Sorry, i'm aware of your work, just didn't make the connection
immediatly. Sorry.
About VOC, That's a very interesting approach, i'd be curious to see
what code using it looks like (how do you use java classes?
introspection api?), sad to see no examples or more than the first page
of the tutorials covering hello world, i guess you have a lot more
working than that :).
Congrats for all the hard work!
On Fri, Apr 29, 2016 at 06:16:47AM +0800, Russell Keith-Magee wrote:
On Thu, Apr 28, 2016 at 5:09 PM, Xavier de Gaye <[email protected]> wrote:
On 04/28/2016 03:01 AM, Russell Keith-Magee wrote:
> (Apologies for the personal repost - I forgot to reply-all on the first
attempt)
>
> Hi Xavier,
>
> Great stuff!
>
> I’ve got a question about your experience integrating with the native
Android platform APIs.
>
> Getting CPython compiled as a native binary library is a huge step, but
my experience has been that bridging between binary libraries and the
Java/Dalvik APIs is a painful process - JNI *exists*, but
> it’s *really* slow, and has some pretty harsh limitations (like the
kernel-imposed JNI reference count limit).
>
> For some applications, this won’t matter - for example, if you’re
treating the android device as a low power server, something that is
terminal only isn’t a problem. However, if you want to write a
> native app, then you need to be able to create an Activity, with a View,
put a Button on it, and a Layout, and so on. Have you done any exploration
of the binding to these native APIs?
A first-class citizen java application embeds python using JNI. The
embedded
python accesses the android API by importing and invoking methods of an
android.py module. The android.py module maps those API requests to json
RPC
calls that are sent to another java application so that they may be
processed
and their results returned. This is the design of Scripting Layer for
Android
(SL4A) [1], a languishing project.
Sure. I’m aware of SL4A. It struck me as a neat hack, but not an especially
viable approach in practice - certainly not something suitable for an app
that you’re expecting to use for wide consumer adoption.
IMHO you should define what 'slow' means, slow for a gaming application,
for
tracking the smartphone accelerometer or for a pyephem based application
that
brings the ephemeresis of stars and planets at your finger tip :)

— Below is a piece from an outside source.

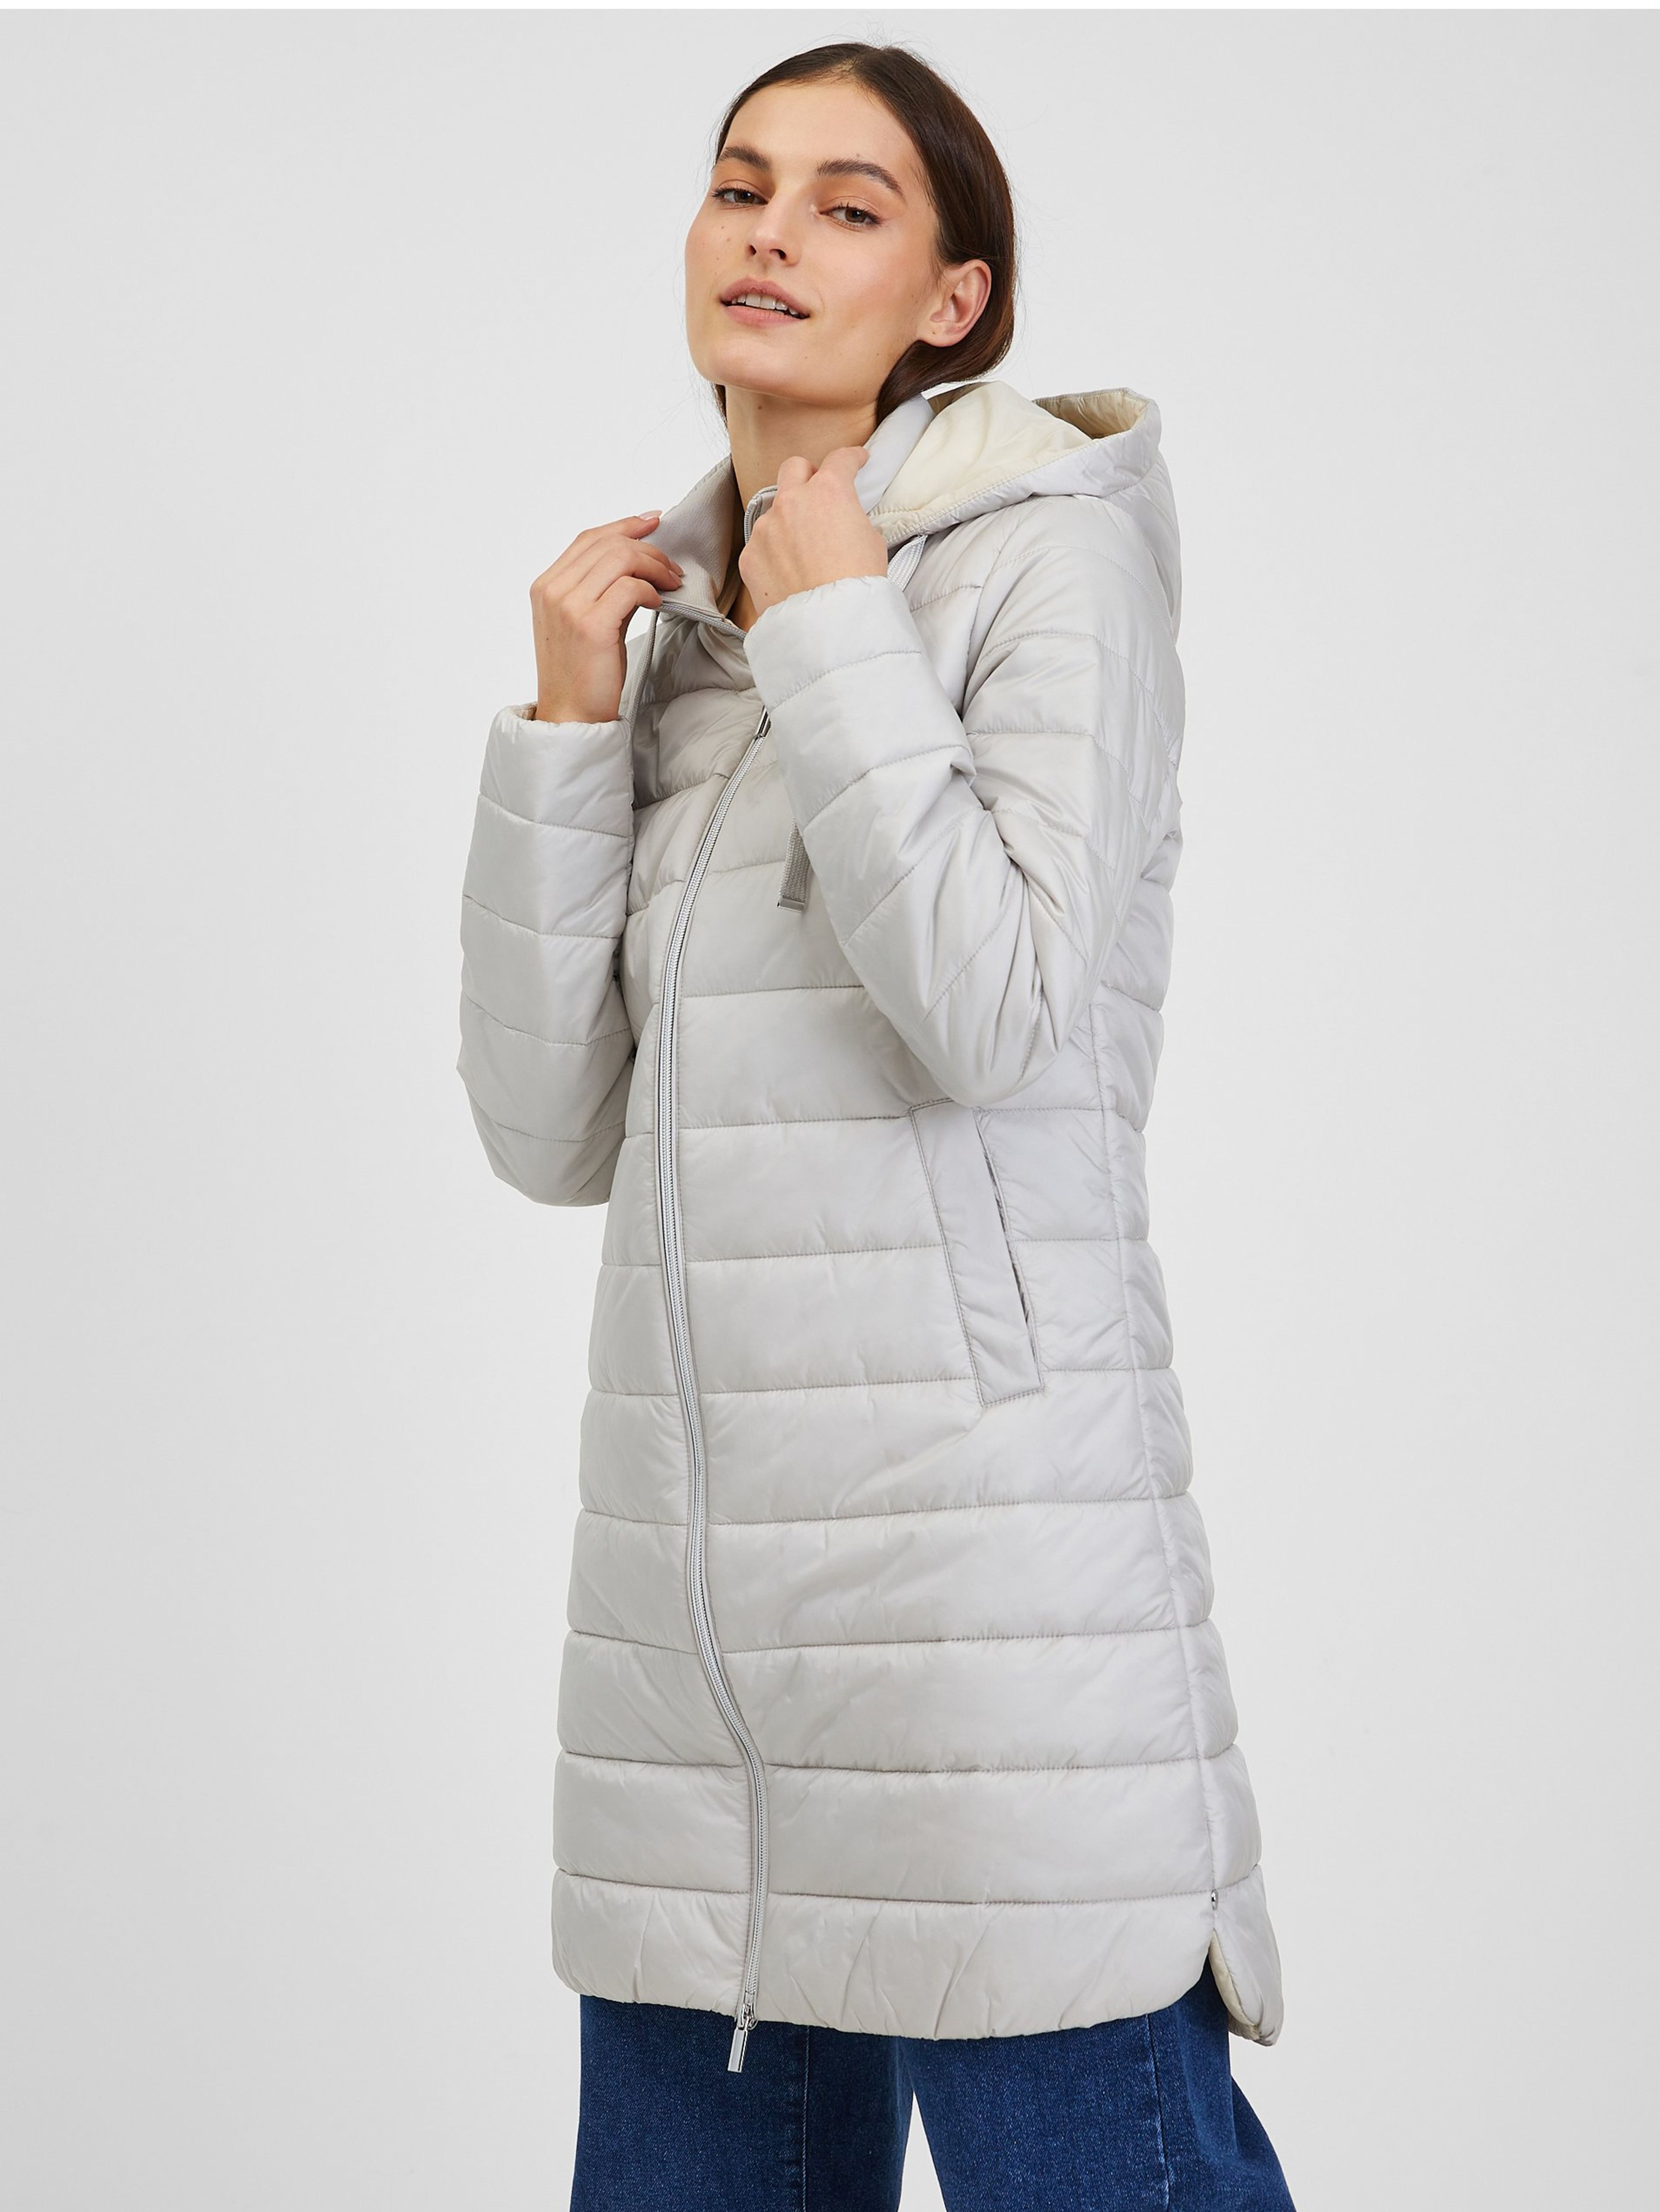 Svetlomodrý dámsky zimný prešívaný kabát ORSAY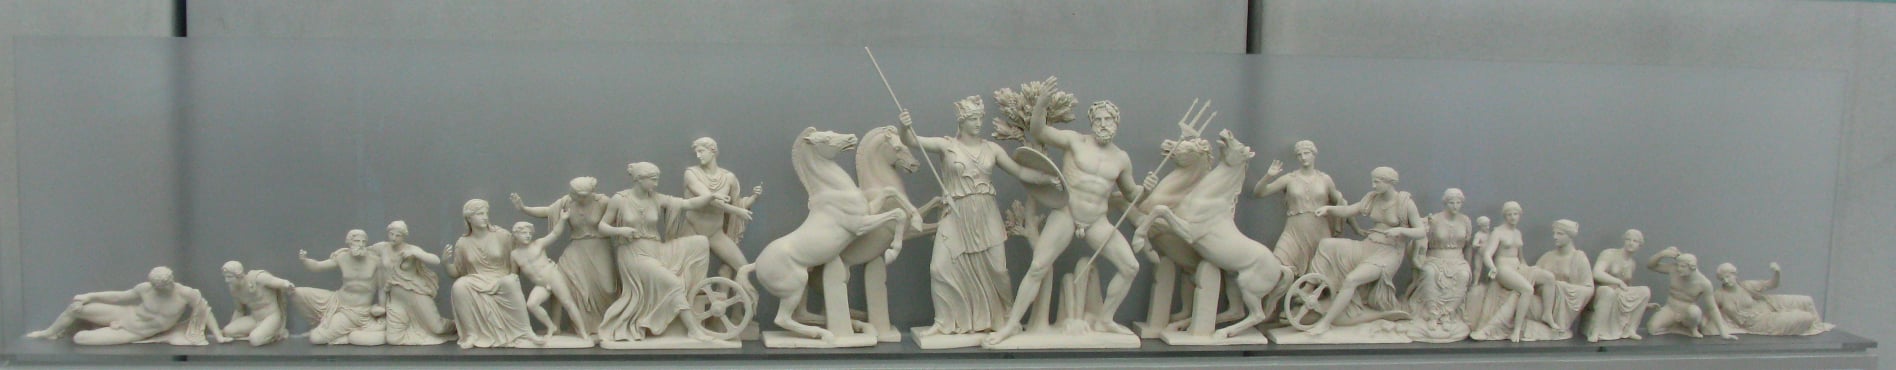 Figura 2. Atene, Museo dell'Acropoli. Ricostruzione del frontone Occidentale con la rappresentazione della contesa tra Atena e Poseidone. Al centro è l'ulivo

My use case was a fairly simple native application, a couple of inputs and
a button. I took a Python implementation of the Cassowary widget layout
algorithm - the same one that iPhones use natively - and tried to use that
layout algorithm for widgets on the Android view - and it was almost
unusably slow.
“Slow” meant ~5 second startup time for a “hello world” app, and observable
lags in widget redraw on device rotation. If I was getting that with only a
couple of widgets on the screen, I didn’t want to think what it would be
like with a complex UI.
My diagnosis of the situation found two sources of slowdown:
1) The Android kernel imposes a hard limit on the number of JNI references
that a single application can hold, and that limit is impractically low. I
forget the exact number but the limit is something like 1000 - but a full
rollout of the classes involved in starting Hello World involves 4500 JNI
references. So - you end up having to do on-demand JNI lookups, and
aggressive LRU caching, all of which slows down actual use - you can’t just
write off the problem as a startup cost.
2) The JNI marshalling layer itself was about an order of magnitude slower
than it is on a desktop JNI bridge. Getting a JNI reference, making a call
across the JNI bridge - all these operations took *much* longer than the
comparable operations on a desktop machine, even when you allow for the
differences in CPU speed.
FWIW - I was working on embedded CPython about 18 months ago, and gave up
because these problems didn’t seem solvable. I was hoping you might have
found a different way into the native capabilities of the Android platform.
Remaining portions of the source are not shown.